Sidewalk Smokers May Soon Get Burned

A new D.C. Council bill could blow it for smokers

With another smoking bill expected to be passed by the D.C. Council, District smokers soon may need a map to plot out where they can fire up a square. 

Council members voted unanimously Tuesday to support a bill allowing business owners to post signs outside of their establishments that say “no smoking." Mayor Adrian Fenty spoke to NBC4's Tom Sherwood at a school groundbreaking and said he felt the bill struck a good balance.
Not sure if that holds true, though, for smokers who have already accepted having to leave an establishment and go out into the cold to feed the monkey. If the bill passes, business owners would be able to ask folks, who are already outside,  to walk an additional 25 feet away from said establishment.
"I think we can't get any further unless you want to ban smoking on sidewalks," at-large Councilman Phil Mendelson, chairman of the Committee of Public Safety and the Judiciary, said last month.

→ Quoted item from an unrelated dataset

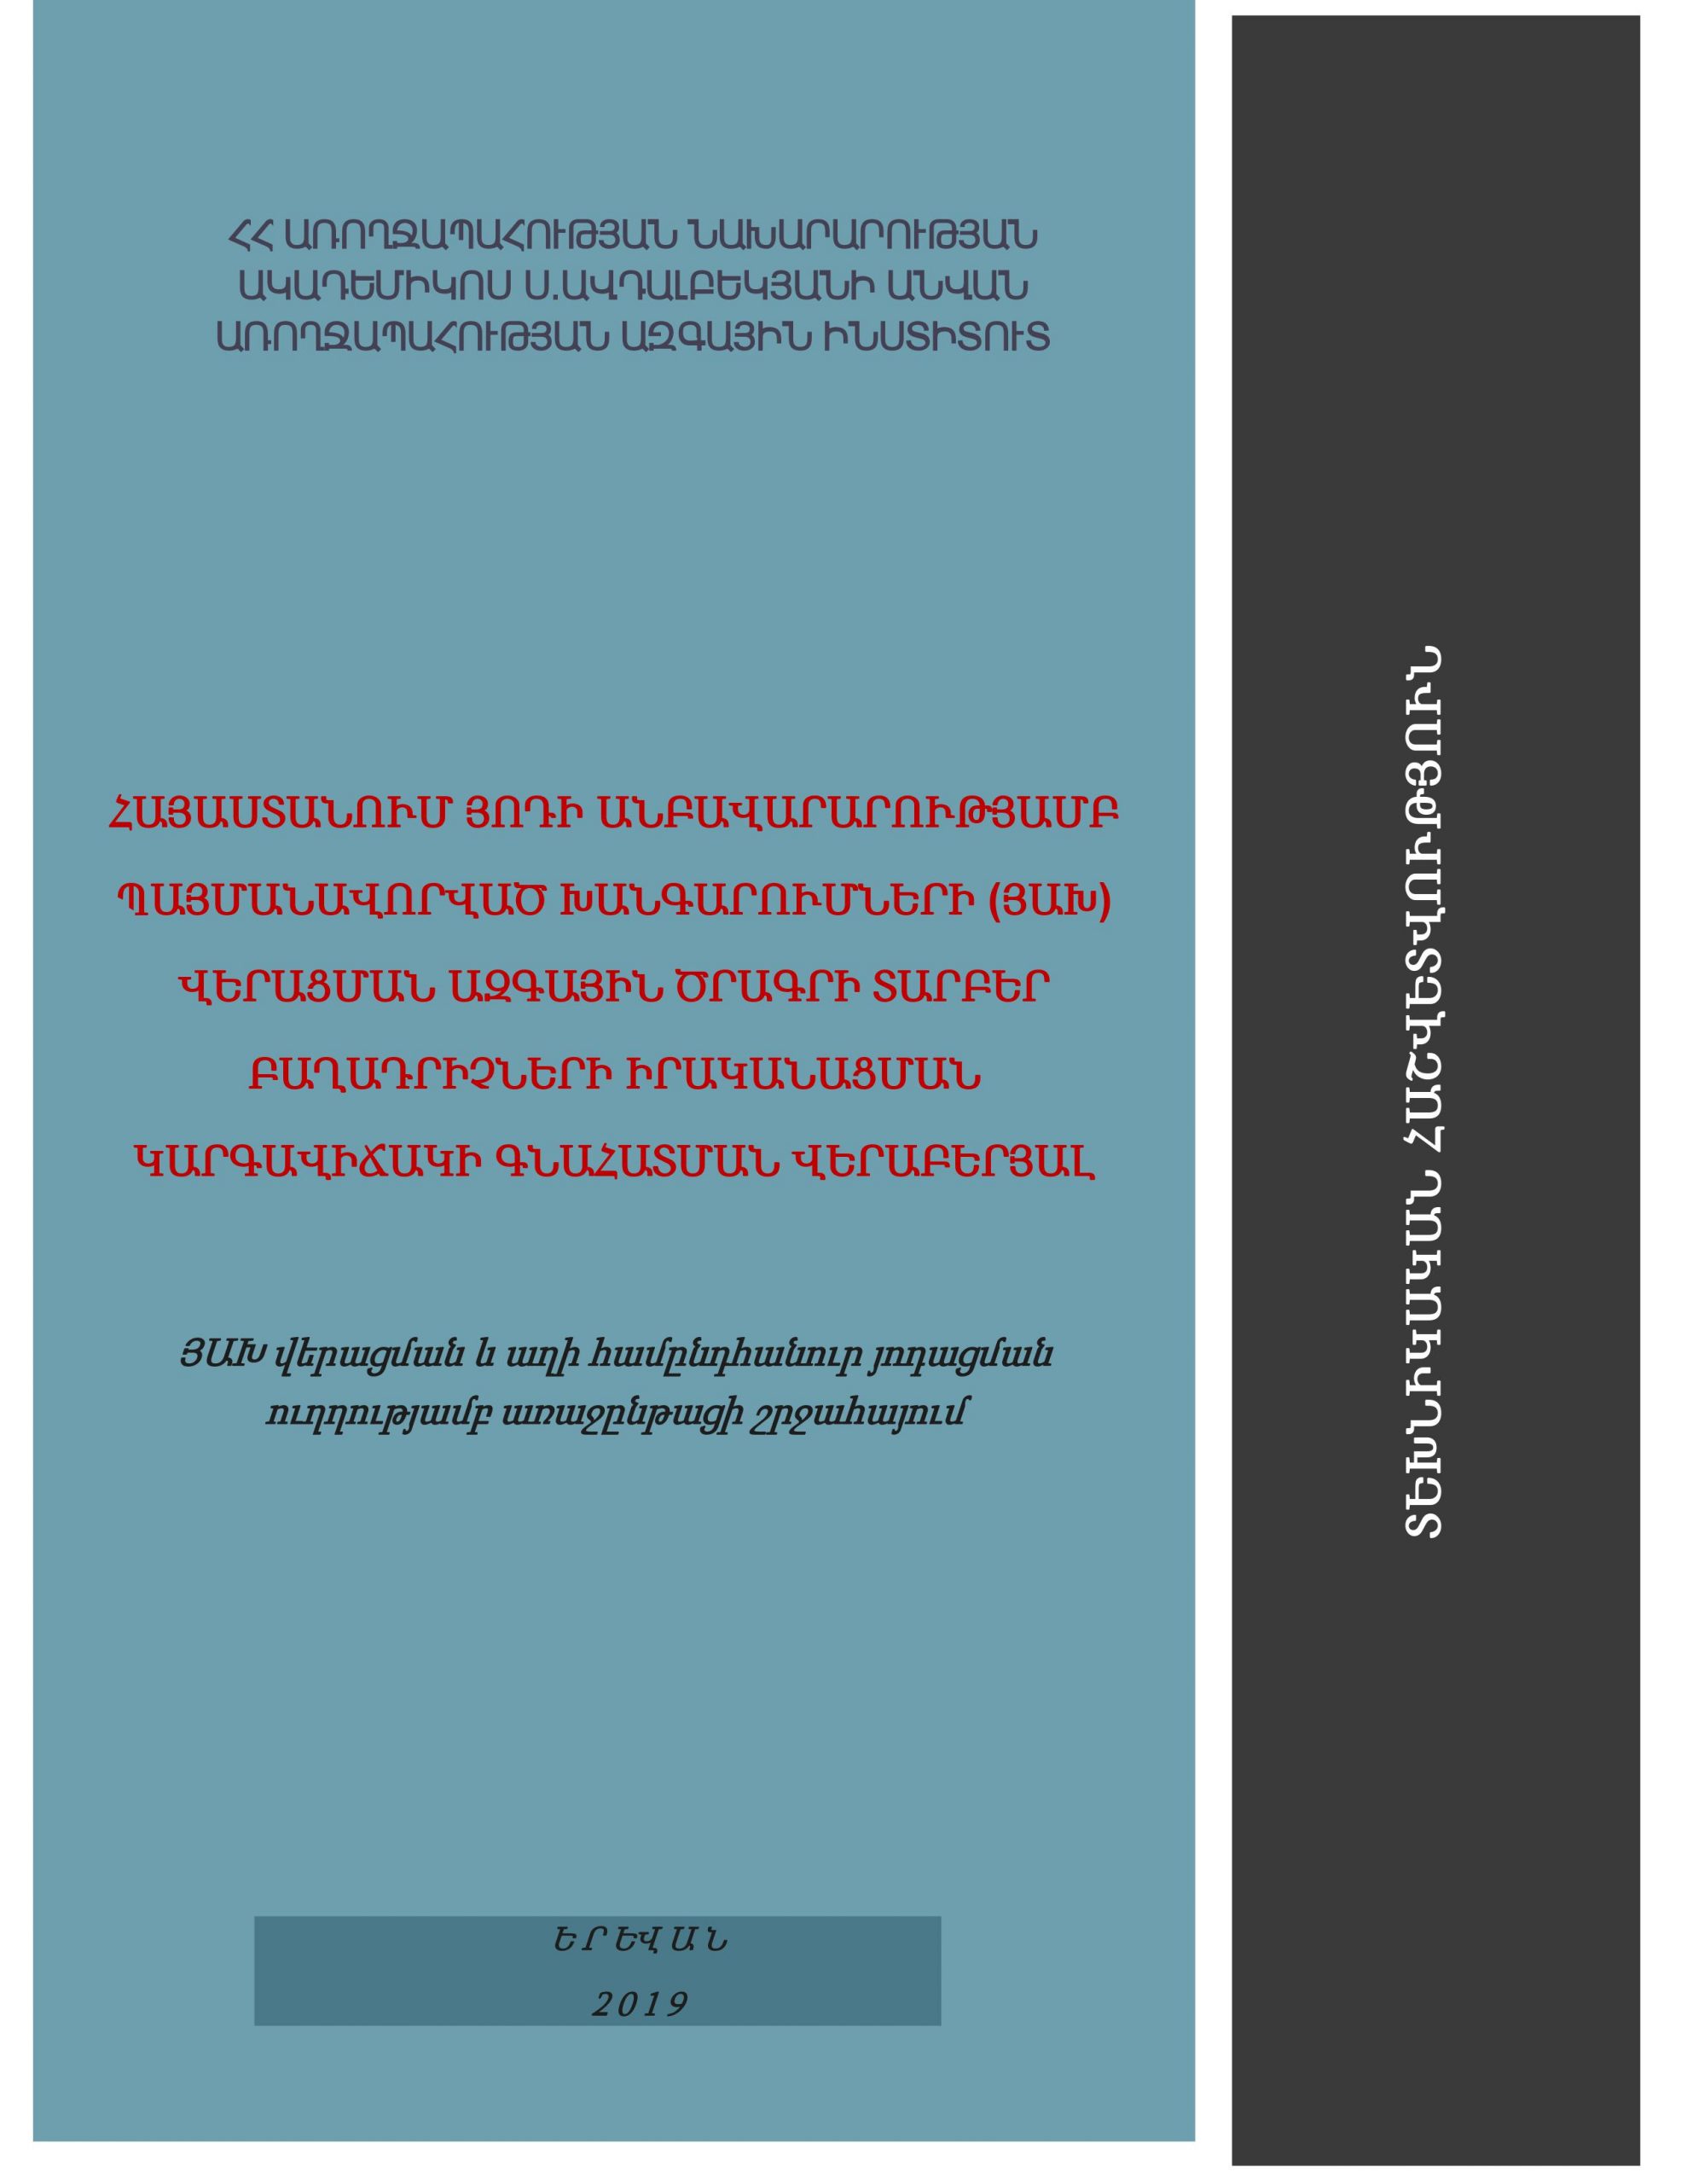 Технический отчет об оценке состояния реализации различных компонентов Национальной программы по ликвидации йододефицитных заболеваний (ВМС) в Армении

At this point though, the bill doesn’t include a penalty, unless lung cancer or emphysema counts for anything. The business owner can’t do anything if the smoker decides not to move, unless the proposed bill is changed.

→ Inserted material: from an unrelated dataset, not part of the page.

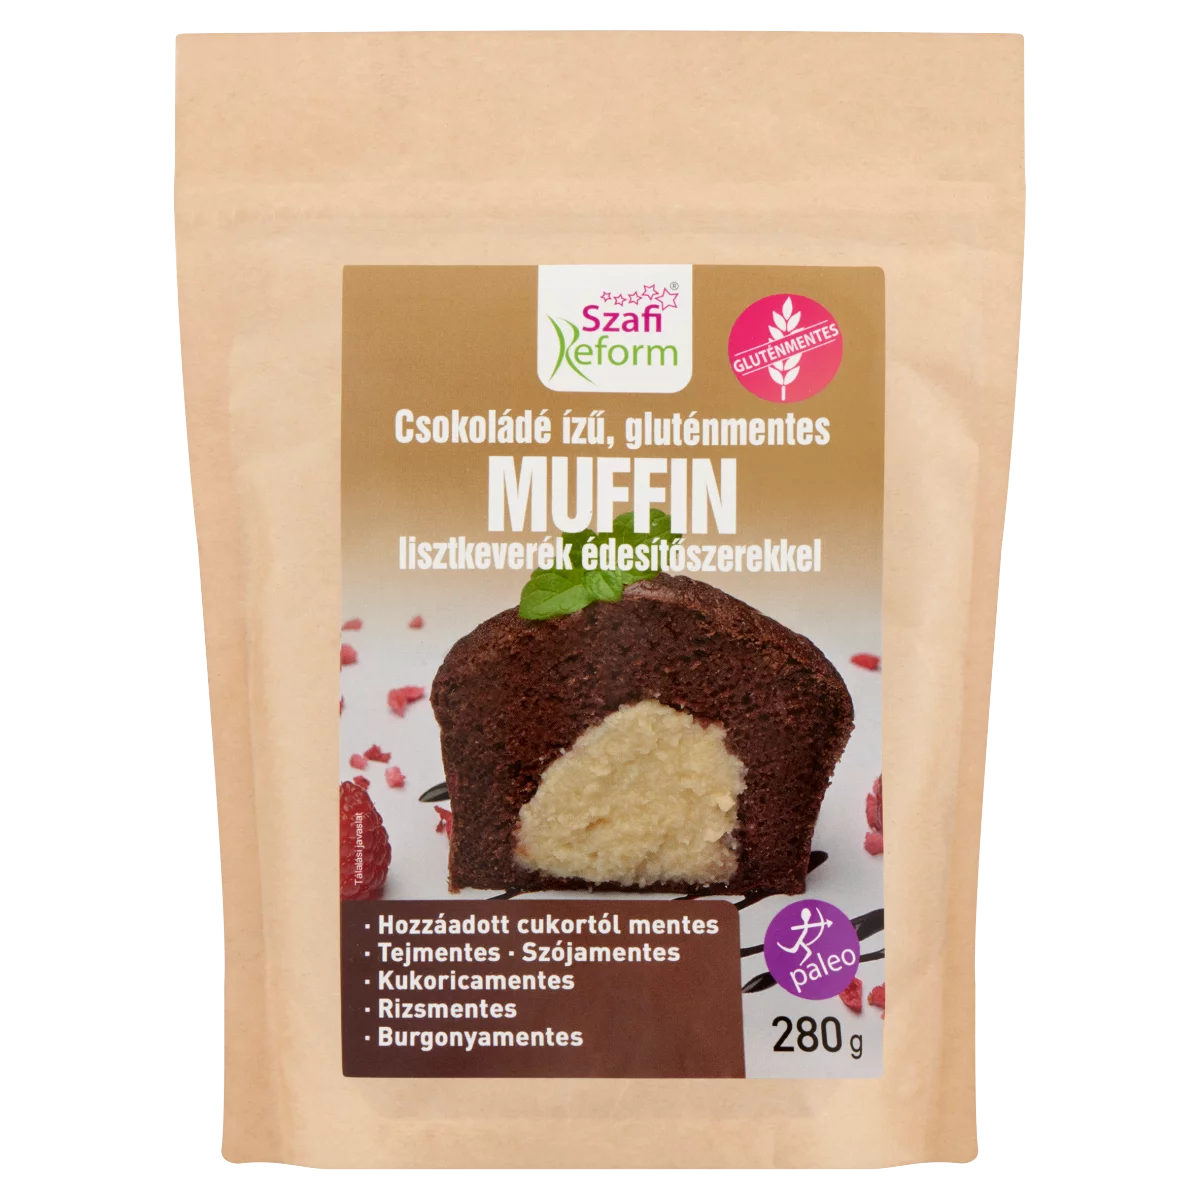 Szafi Reform csokoládé ízű, gluténmentes muffin lisztkeverék édesítőszerekkel 280 g

"These signs have actually no enforceability because unless you are on someone's property ... the property owner can't say to a person who is smoking on a public way that they may not do that," said Ward 3 Council member Mary Cheh. "We would have to pass a law to provide for penalties ... we haven't gotten that far yet."  

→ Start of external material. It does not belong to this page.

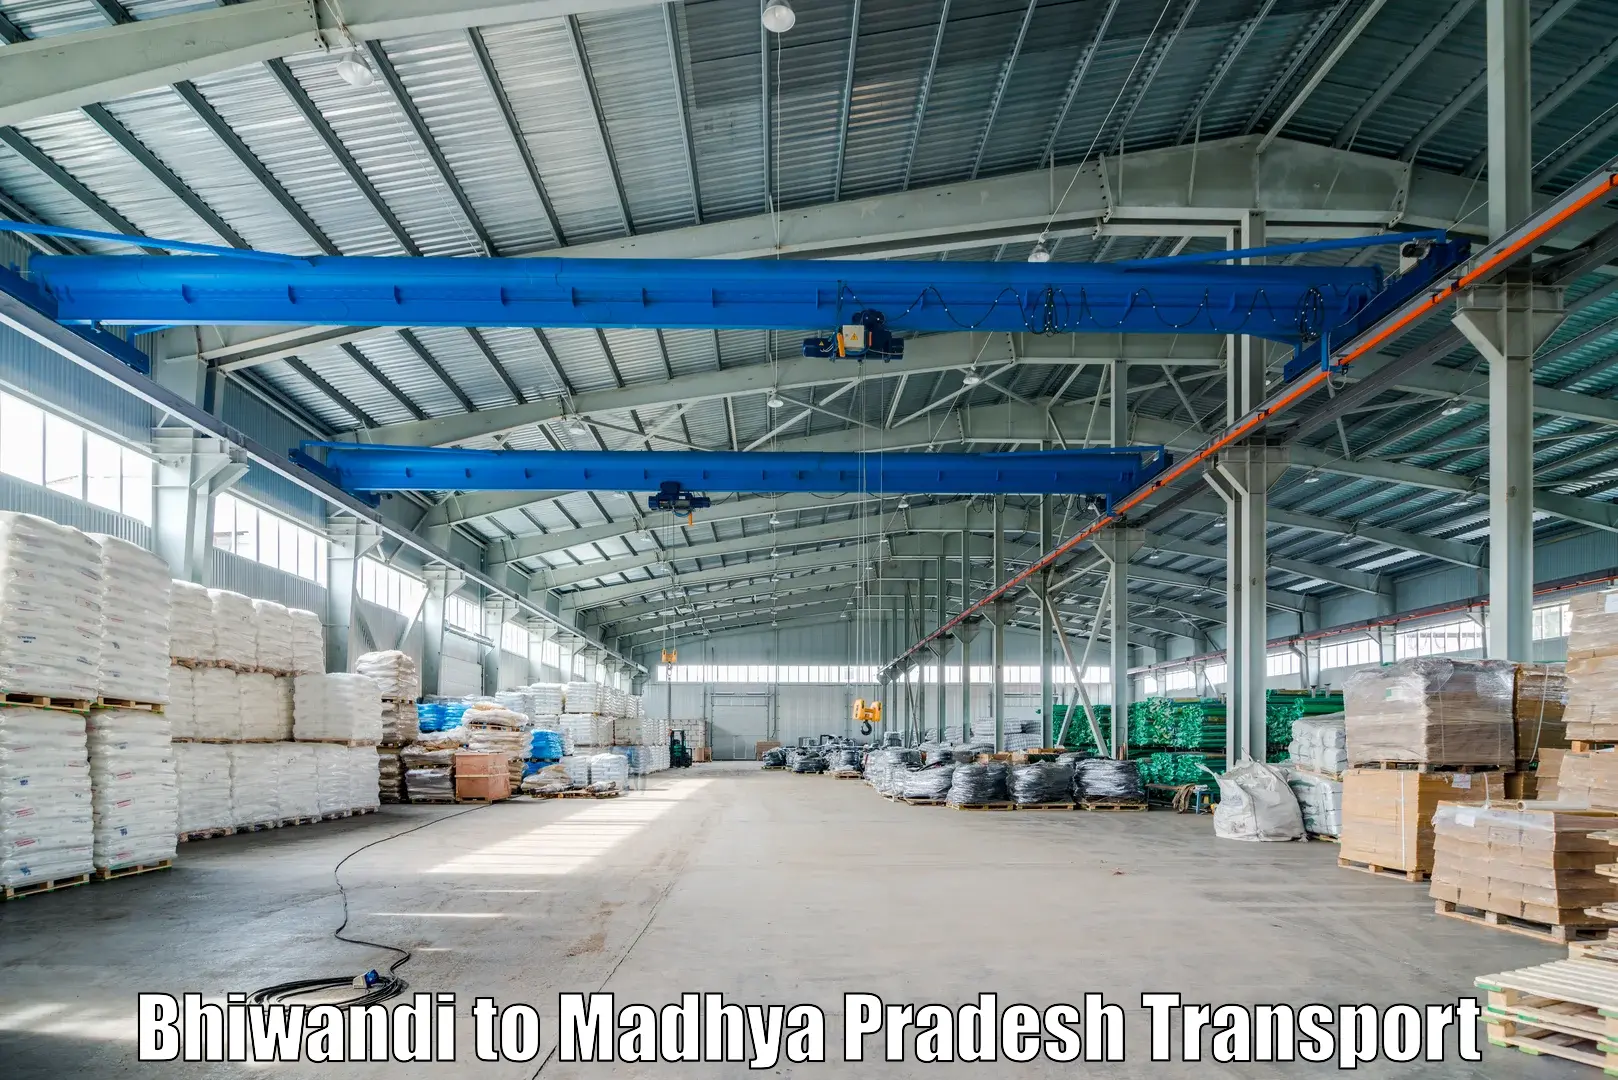 Truck transport companies in India Bhiwandi to Manasa

The new bill is meant to prevent smokers from congregating outside of office buildings and restaurants, according to the Washington Examiner, but it doesn’t stop there.
If you are under the age of 18, you really shouldn’t be smoking, and the new bill will make sure of that. About $50 of your allowance will become District dollars if you are caught “possessing” tobacco. If you are caught using a fake ID to buy tobacco products, you could have to cough up $300.
But hold your breath, council members still have to vote a second time in order to pass the bill.